Jaehaerys is killed instead when Blood and Cheese cannot find Aemond, and happen upon Queen Helaena and her two sleeping twins — a boy and a girl — and demand to know which one is the male, because they believe that will satisfy the “son for a son” portion of the death Daemon requested. Helaena points to her son, and then runs off with her daugther, Jaehaera, to the safety of her mother Alicent’s room. There, she finds Alicent sleeping with Criston Cole (Fabien Frankel).
This entire Blood and Cheese death sequence differs in multiple ways from the heinous act committed in George R.R. Martin’s book “Fire & Blood,” the “Game of Thrones” universe book that tells the fictional history of the Targaryen family and serves as the source material for “House of the Dragon.”
In “Fire & Blood,” Jaehaerys is still killed by Blood and Cheese. But in the book, the “historians” of Westeros say the men were not explicitly commissioned by Daemon Targaryen to kill Aemond like they are on “House of the Dragon,” but rather just given the orders “an eye for an eye, a son for a son.”
Also in the history book: Rhaenyra does not call for Aemond’s death; the murder of Jaehaerys takes place in Alicent’s bedroom, not in Helaena’s, where Blood and Cheese tie Alicent down and use her as bait waiting for Helaena and the children to come in and say goodnight. Additionally, rather than point at Jaehaerys to show he is the boy and effectively select his death, Helaena picks her youngest son, Maelor, to die, hoping Blood and Cheese will spare Jaehaerys. But they kill Jaehaerys anyway.
“One of the things that’s challenging about adapting ‘Fire & Blood’ is that there is this intentionally conflicting narrative in the book where there are often these three different viewpoints on the history that don’t line up with one another,” “House of the Dragon” showrunner Ryan Condal says. “So it’s our job as adapters to try to find the objective line through this to bring the audience into the narrative as we see it having been laid out.”
Starting with the change of having Rhaenyra call for Aemond’s blood, Condal says: “It felt like Rhaenyra, despite being in grief, she’s looking for vengeance, but she would choose a target that would have some kind of strategic or military advantage.
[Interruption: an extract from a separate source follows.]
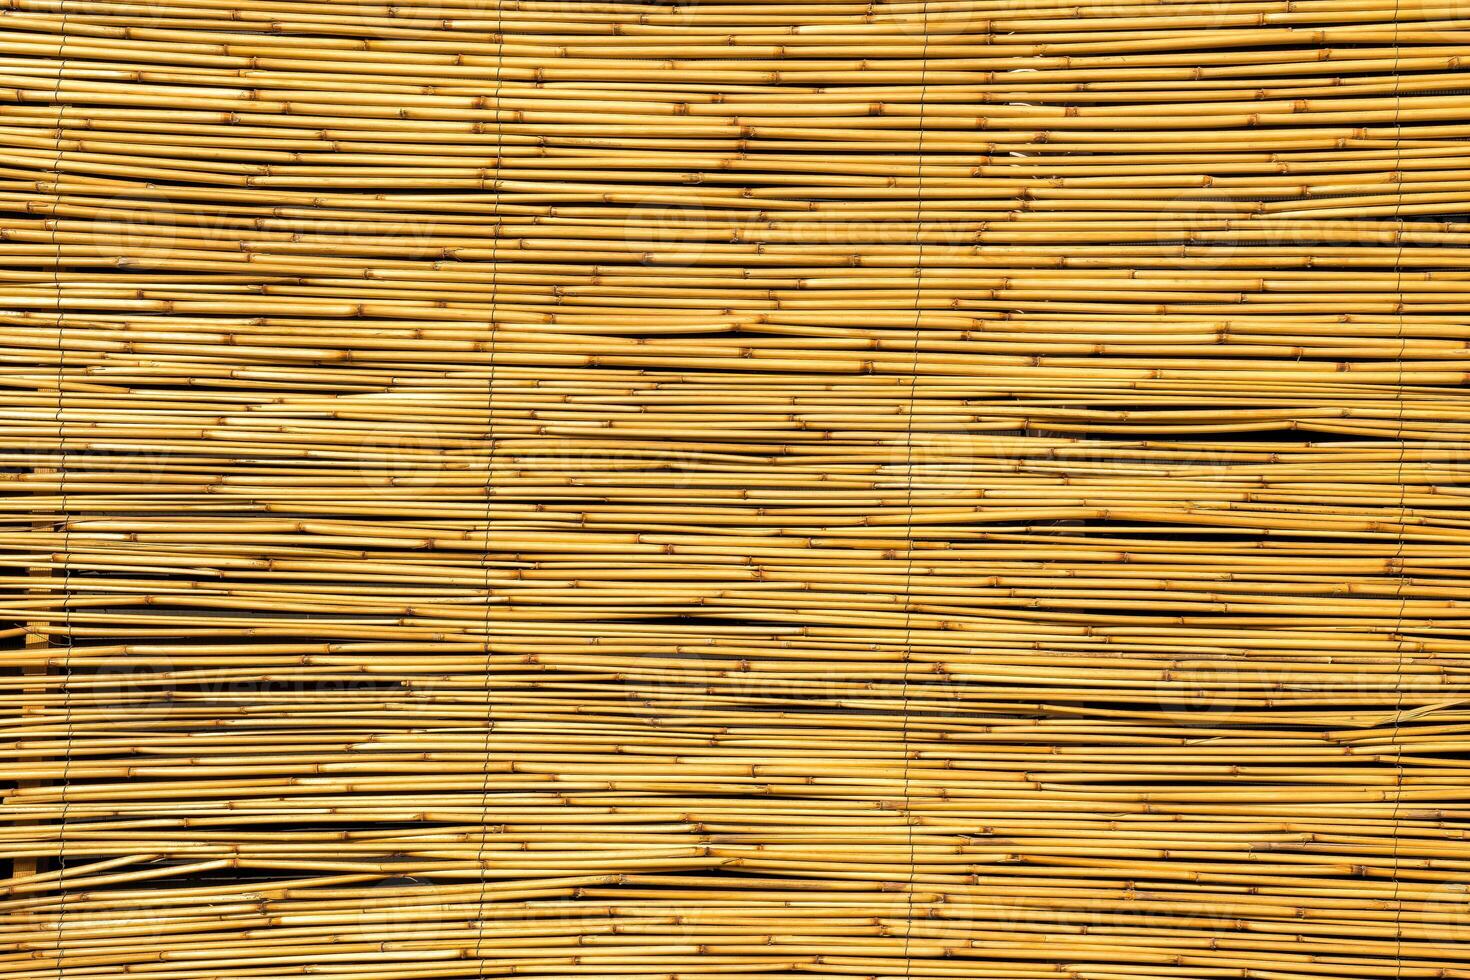 textura do oriental bambu cortinas. abstrato fundo. foto

Of course, if you did take out Aemond, not only would he be punished directly for his betrayal and murder of Luke, but it would eliminate the rider of the biggest dragon in the world, and immediately create an advantage for their side.”
“Rhaenyra lets her rage take hold of her voice, and I think it’s not something that we saw a huge amount of — certainly with the older Rhaenyra — in Season 1,” D’Arcy says. “She was always trying to mediate that fire. And in this season, after Luc’s death, she finally let’s that thing burn.”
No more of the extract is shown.